A memristor-based circuit approximation of the Hindmarsh-Rose model

Neuron models exist in different levels of complexity and biological modeling depth. The Hindmarsh-Rose model offers a rich repertoire of neuronal dynamics while being moderately mathematically complex. Existing circuit realizations of this neuron model, however, require a large amount of operational amplifiers due to the model's quadratic and cubic nonlinearity. In contrast to hardware realizations of simpler neuron models, this leads to a higher power consumption. In this work, the Hindmarsh-Rose model is approximated by an ideal electrical circuit that relies mostly on passive circuit elements and thus reduces the power consumption. For this purpose, we analyze the power flows of an equivalent electrical circuit of the Hindmarsh-Rose model and replace several nonlinear circuit elements by constant ones.
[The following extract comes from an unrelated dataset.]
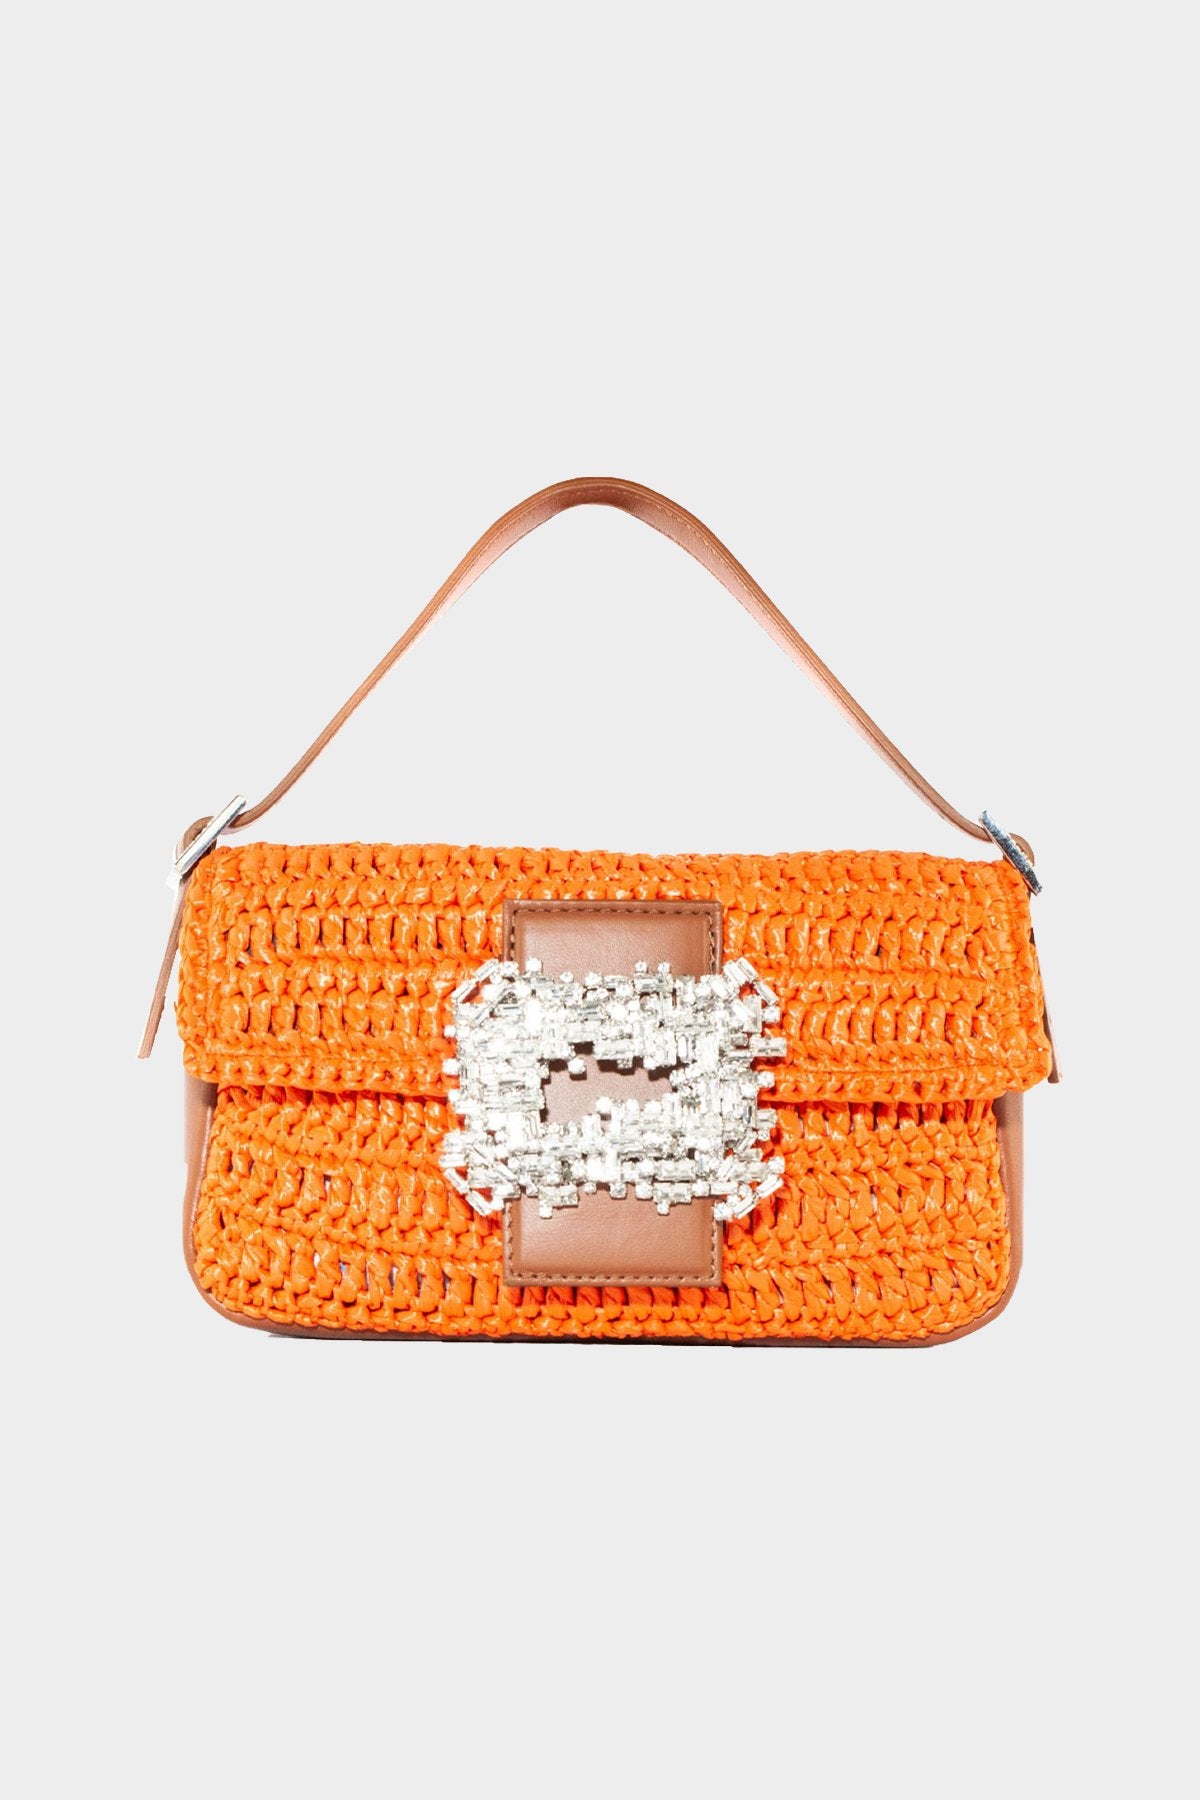 Habibi Crochet Bag in Orange

Moreover, we approximate the cubic nonlinearity by three memristors in combination with a negative impedance converter. This negative impedance converter represents the only active circuit element required for the complete circuit, leading to an increased energy efficiency compared to the existing circuit realizations. Simulations verify the circuit's ability to generate spiking and bursting dynamics comparable to the original Hindmarsh-Rose model.

Automated summary

In this study, an ideal electrical circuit was developed to approximate the Hindmarsh-Rose model, resulting in reduced power consumption and improved energy efficiency compared to existing circuit realizations. The circuit replaced nonlinear elements with constant ones and approximated cubic nonlinearity using three memristors and a negative impedance converter. Simulations demonstrated that the circuit generated spiking and bursting dynamics comparable to the original Hindmarsh-Rose model.